- Information supplied -
■ ■ ■ ■ ■

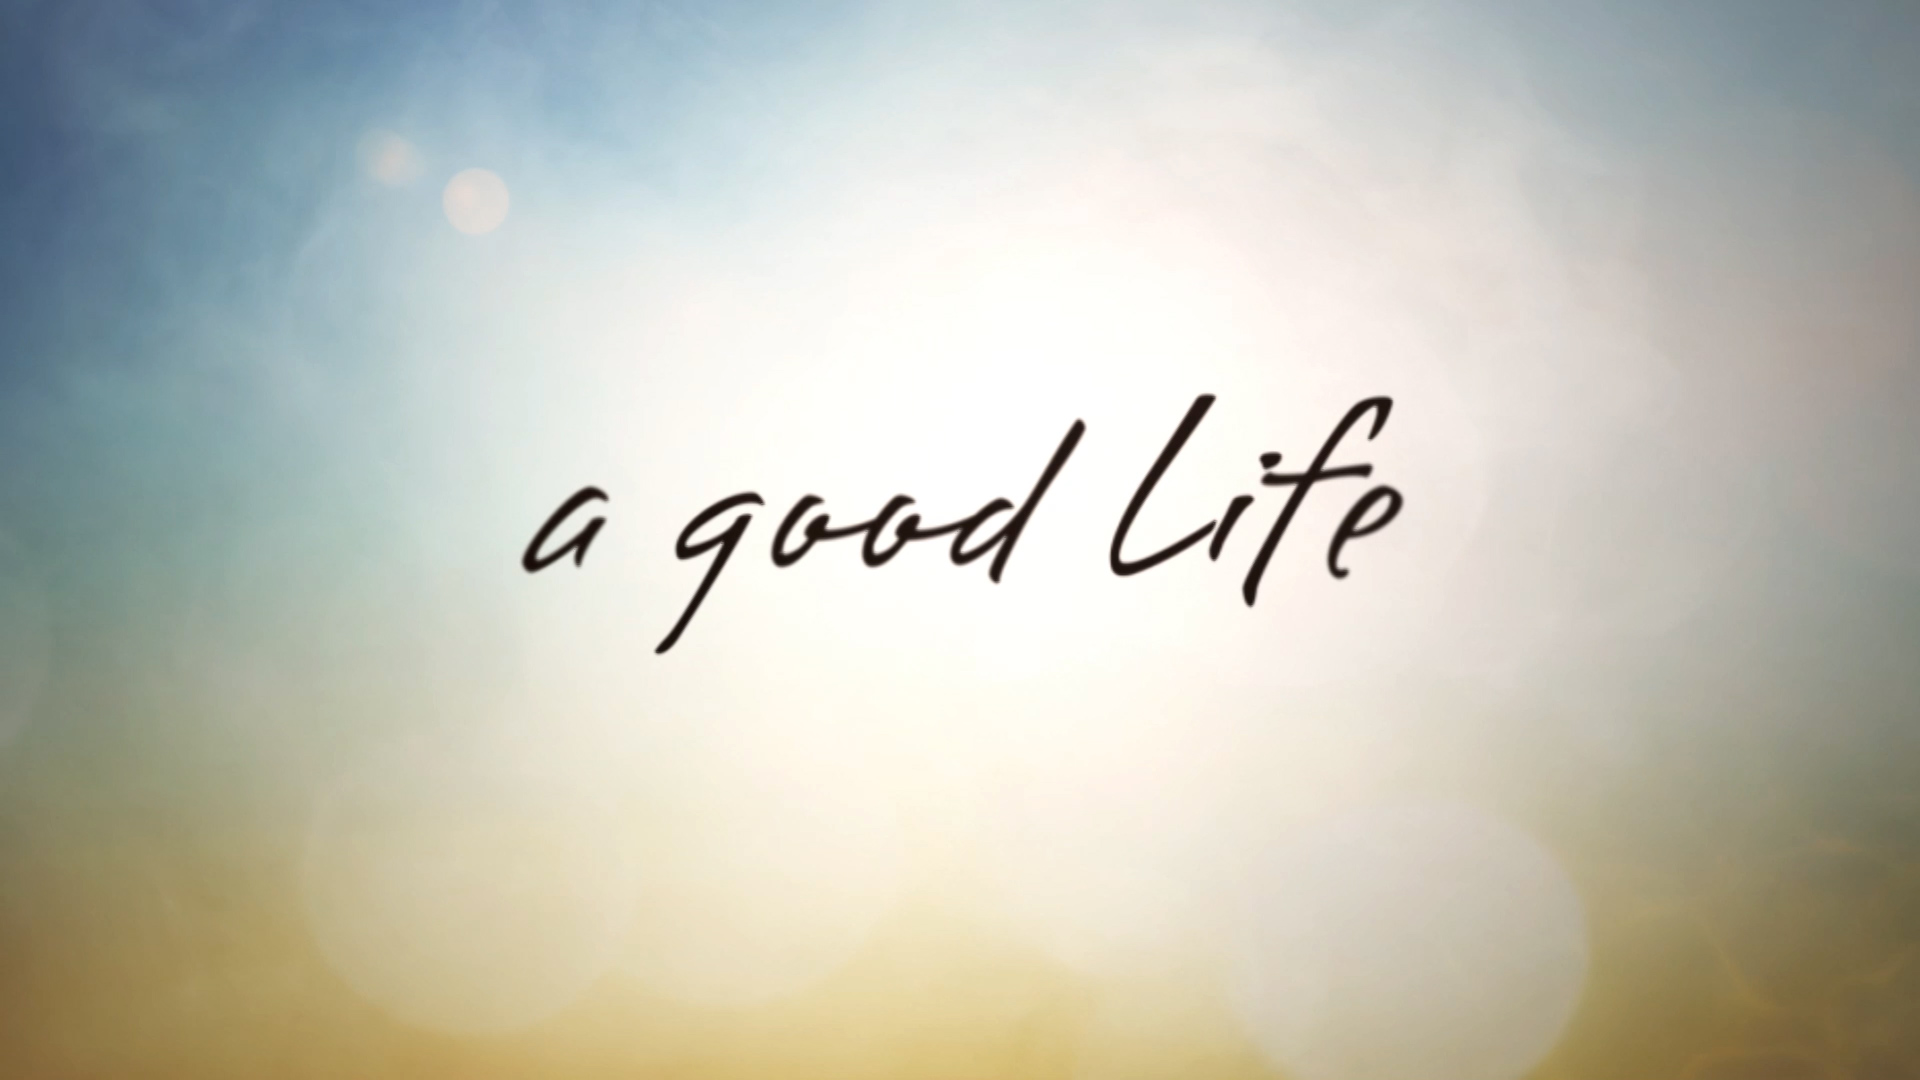 Glowing yellow background with Black type over top that reads: a good life
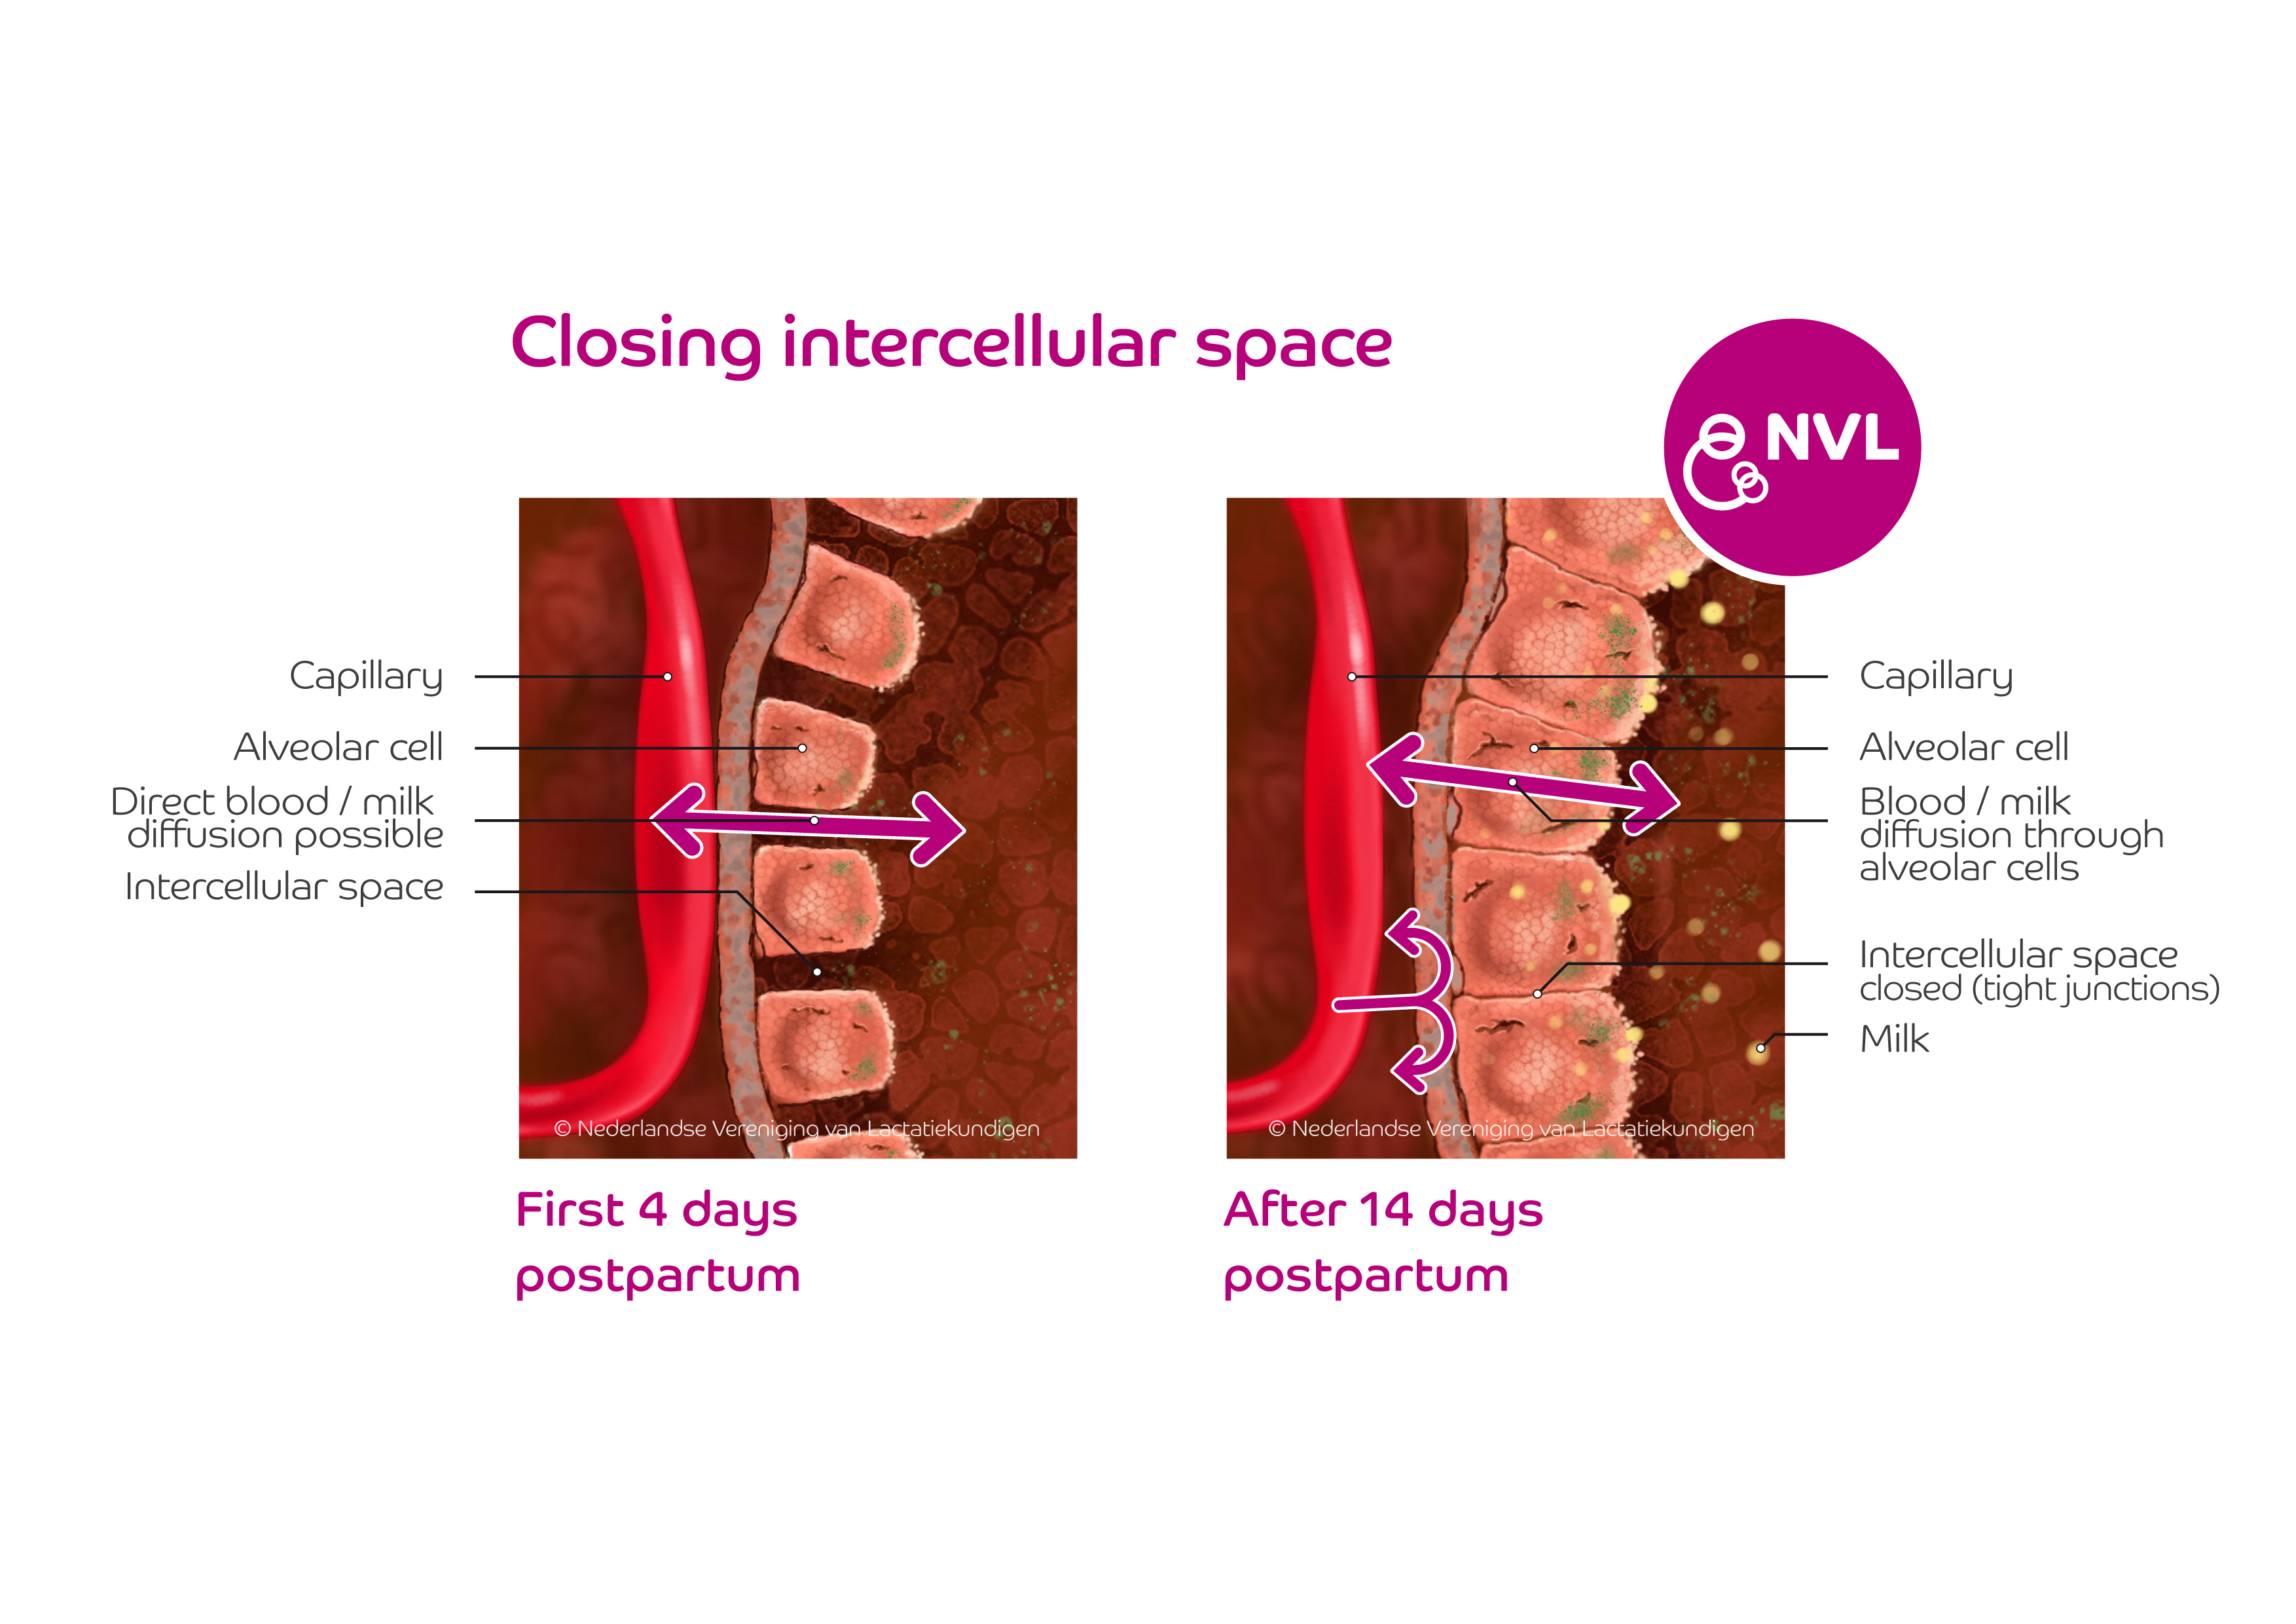 Closing intercellulair space breasttissue | NVL
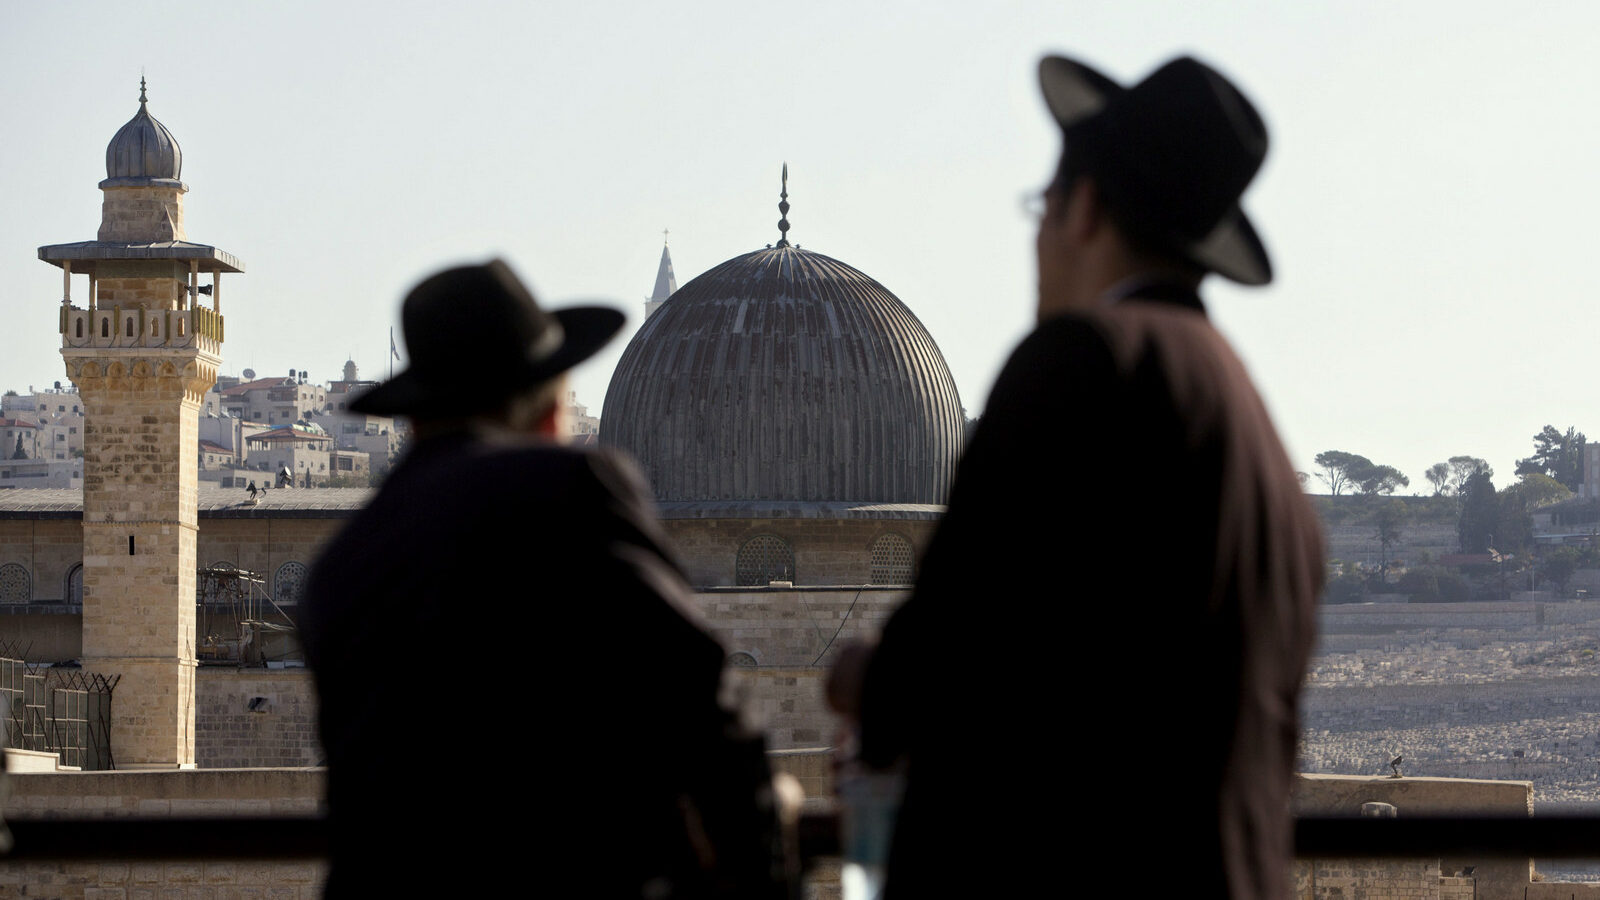 Ultra-Orthodox Jewish men stand in front of the Al-Aqsa Mosque in Jerusalem's Old City. Israeli police are reporting new unrest at Jerusalem's most sensitive holy site Sunday, Sept. 27, 2015. The site, known as the Temple Mount to Jews and the Noble Sanctuary to Muslims, had experienced several days of unrest in recent weeks. (AP Photo/Sebastian Scheiner, File)

■ ■ ■ ■ ■

- Directions -
Reproduce the material above exactly, first line through the line that contains "Closing intercellulair space", minus the pictures.

- Response to this task -
 Glowing yellow background with Black type over top that reads: a good life
 Closing intercellulair space breasttissue | NVL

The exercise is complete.